Событие это произвело, конечно, тягостное впечатление; и, даже Робин поник головою, но вот уже вскинул ее, и насильственно улыбаясь, проговорил:
— Он кричал так, и умер, потому что отчаялся; потому что не хотел ни на что надеяться, ну а мы то молоды! В нас столько сил! Конечно — это темно, и жутко все, но есть же ведь Любовь; ведь — она же ждет меня. Нет, батюшка, вы никогда не останетесь одиноким. Мы вас никогда не оставим. Вы просто очень волновались, вот и приснился вам этот сон.

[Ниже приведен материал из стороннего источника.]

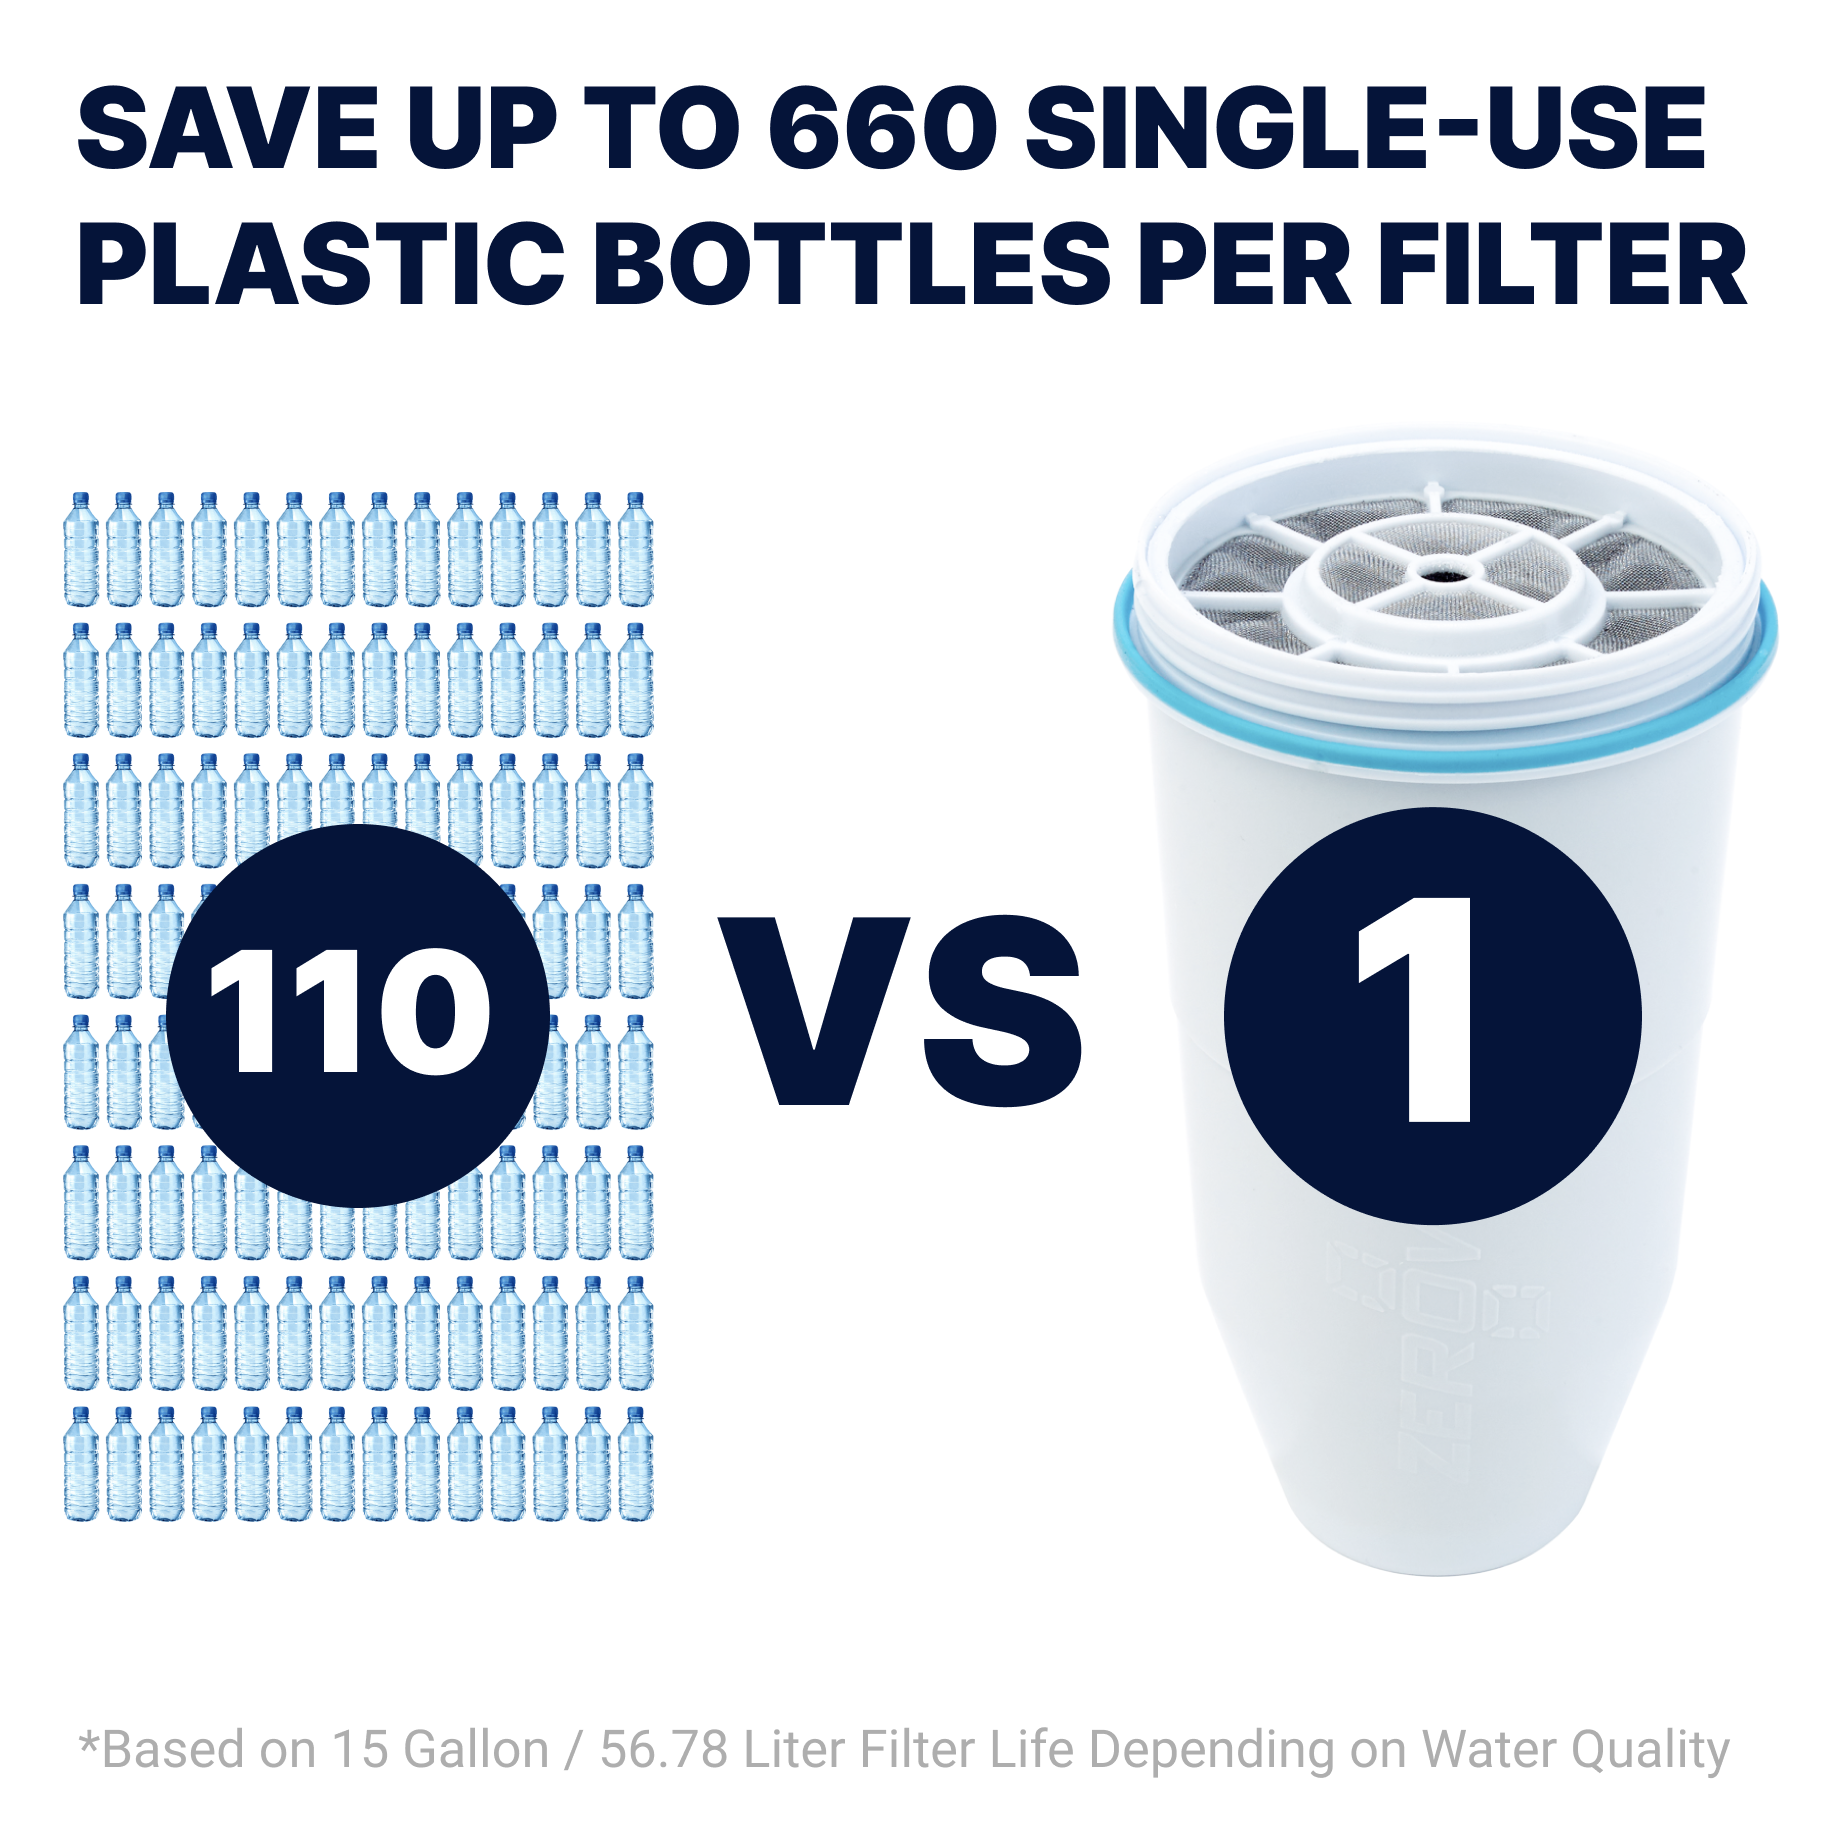 Save up to 660 single-use plastic bottles per filter

— Ну, хорошо, хорошо. — кивнул Фалко. — Я просто посчитал, что раз уж это привиделось, так не стоит держать в себе. Ну, теперь то вы все знаете, и вам самим решать…
— Все решено. — стараясь говорить спокойно, отчеканил Ринэм, но все же голос его подрагивал от волнения. — Осталось бы только узнать, когда все это начнется…
Фалко хотел было ответить, но, в это время, раздался топот многих и многих бегущих; раздались полные холодной ненависти крики орков; и тут хоббит побледнел, тихо молвил:
— Ну, вот и все — мы раскрыты. Они к нам бегут, они знают, про тебя, Ячук. Я слышу это среди их криков.
— Что?! — Рэнис аж подскочил — встал посреди клети со сжатыми кулаками, и цедил. — Ну я этим гадам так не дамся — я их клыки то сейчас пересчитаю.
Рядом с Рэнисом встал и Робин — он пытался что-то сказать, однако, чувства его были столь велики, что он даже и слова вымолвить не мог — только из ока его катились слезы, а из носа все сильнее и сильнее шла молодецкая, раскаленная кровь. Что же касается Ринэма, то он подошел к Фалко, и несколько раз проговорил:
— Надо бы что-нибудь придумать.
Хоббит молвил Ячуку:
— Быстрее в проход. Беги вместе с ключами, и даже если нас поведут в застенок, все равно отдай их двенадцати — о том кто они узнаешь, из соседней клети. А мы выдержим — мы все выдержим. Верь мне. Ну, все беги, расскажи все Хэму. Он лучший друг. Все.
Но тут к Ячуку бросился Робин, и, павши перед ним на колени, зашептал:
— Ты ей все расскажи. Скажи, что я был верен ей до конца, что после смерти мы все равно встретимся…
— Да не время же сейчас. — спокойно молвил Фалко. — Дай ему уйти.
Ячук, сам плача от боли, от ужаса перед эти надвигающимся — бросил в лаз сначала коробку с ключами затем рюкзак, сам бросился туда, ну а Фалко прикрыл лаз соломой.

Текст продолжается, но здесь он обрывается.